Data provided:
================

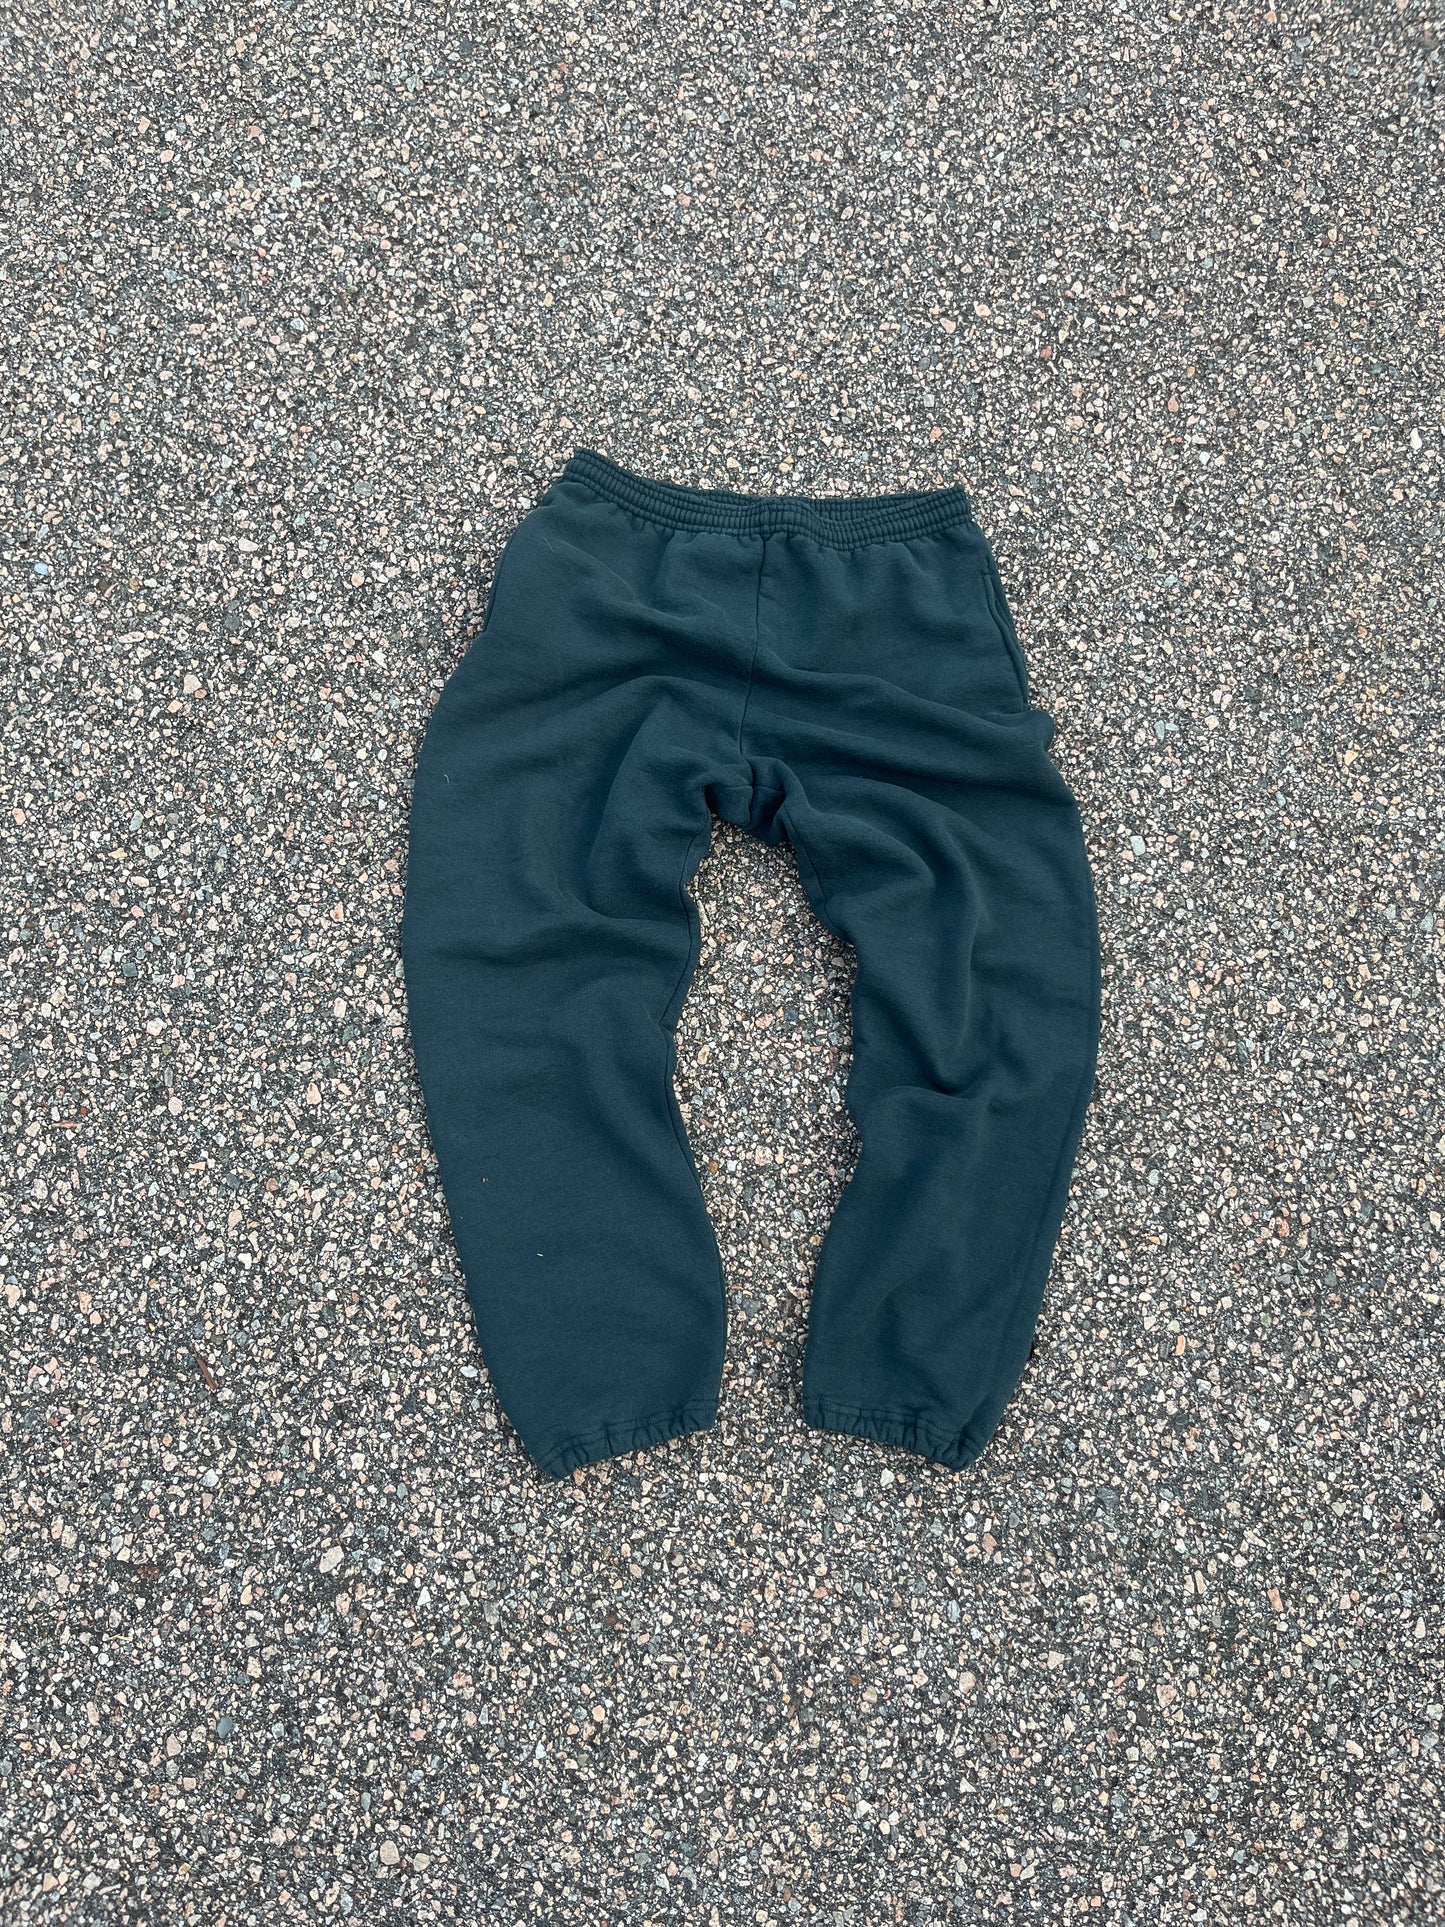 90’s Faded Hunter Green Russell Sweatpants - Medium
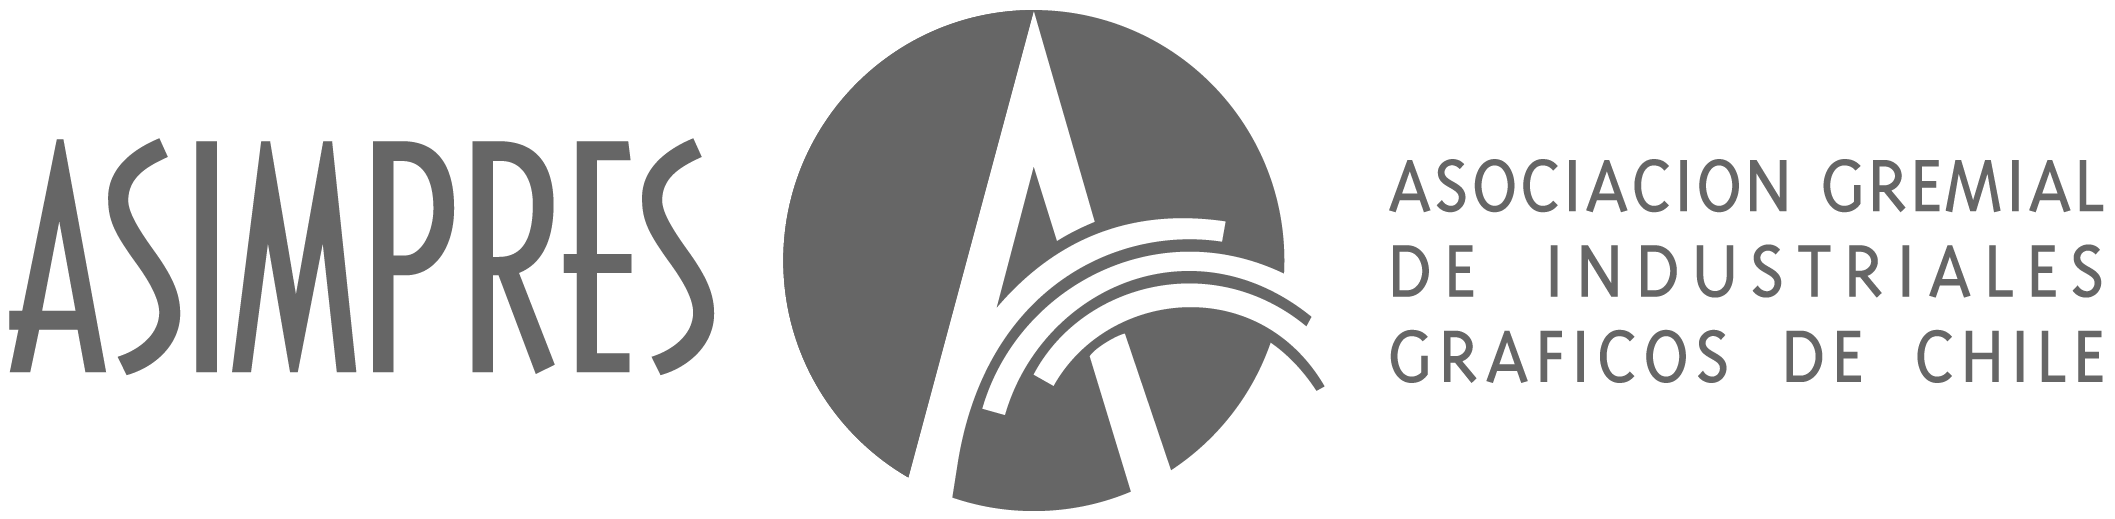 Logo Asimpres
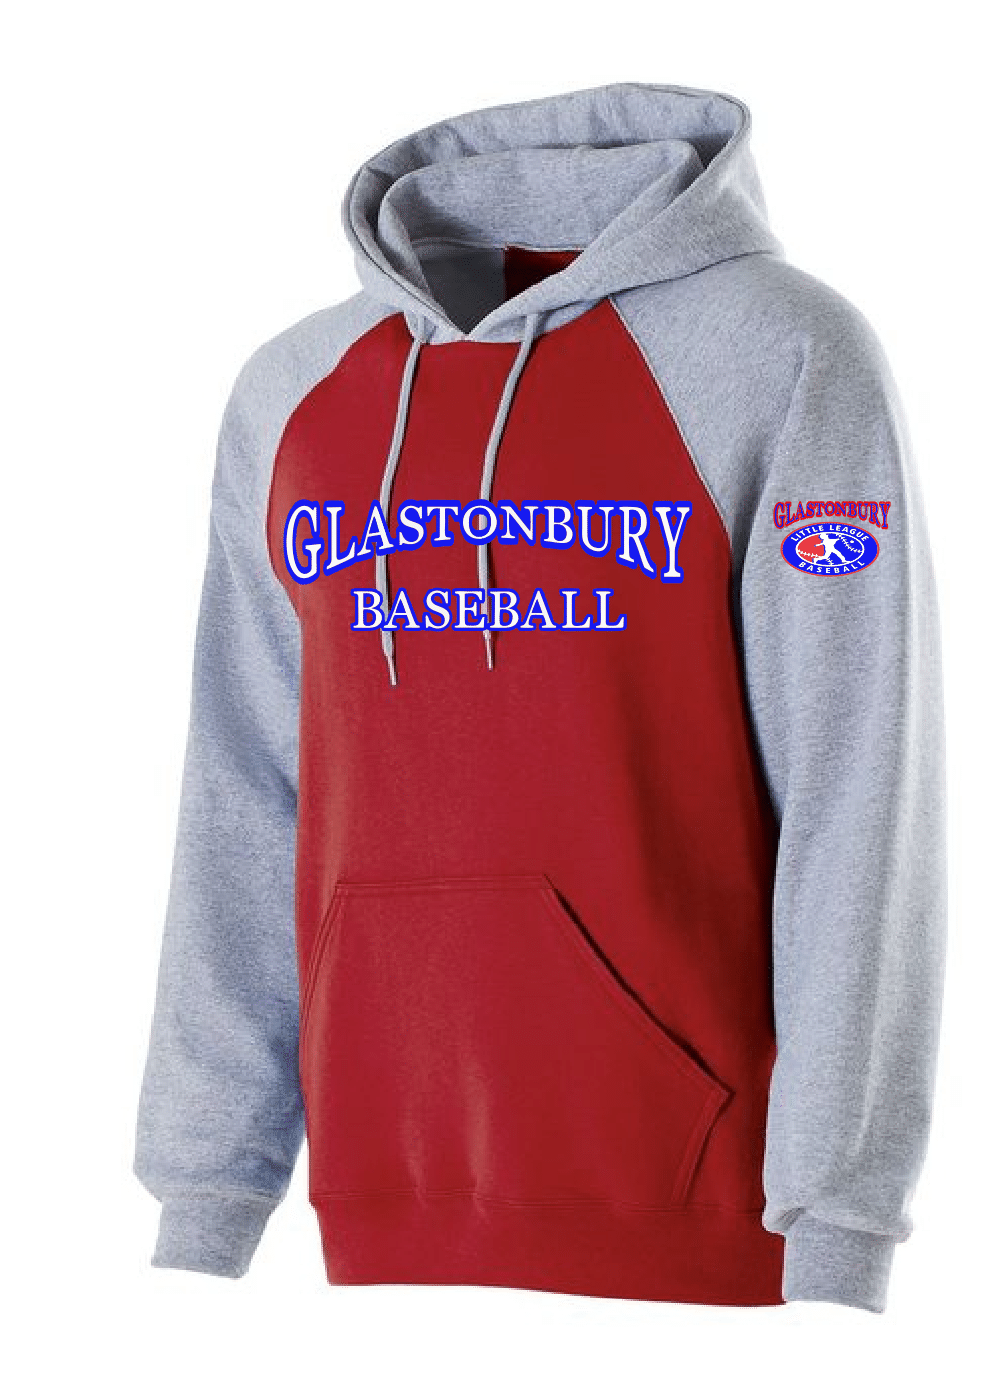 Glastonbury Little League Baseball Hooded Sweatshirt

================

Aim of the task:
Reproduce the listing verbatim, and keep the pictures out of the copy.

Solution to this task:
 90’s Faded Hunter Green Russell Sweatpants - Medium
 Logo Asimpres
 Glastonbury Little League Baseball Hooded Sweatshirt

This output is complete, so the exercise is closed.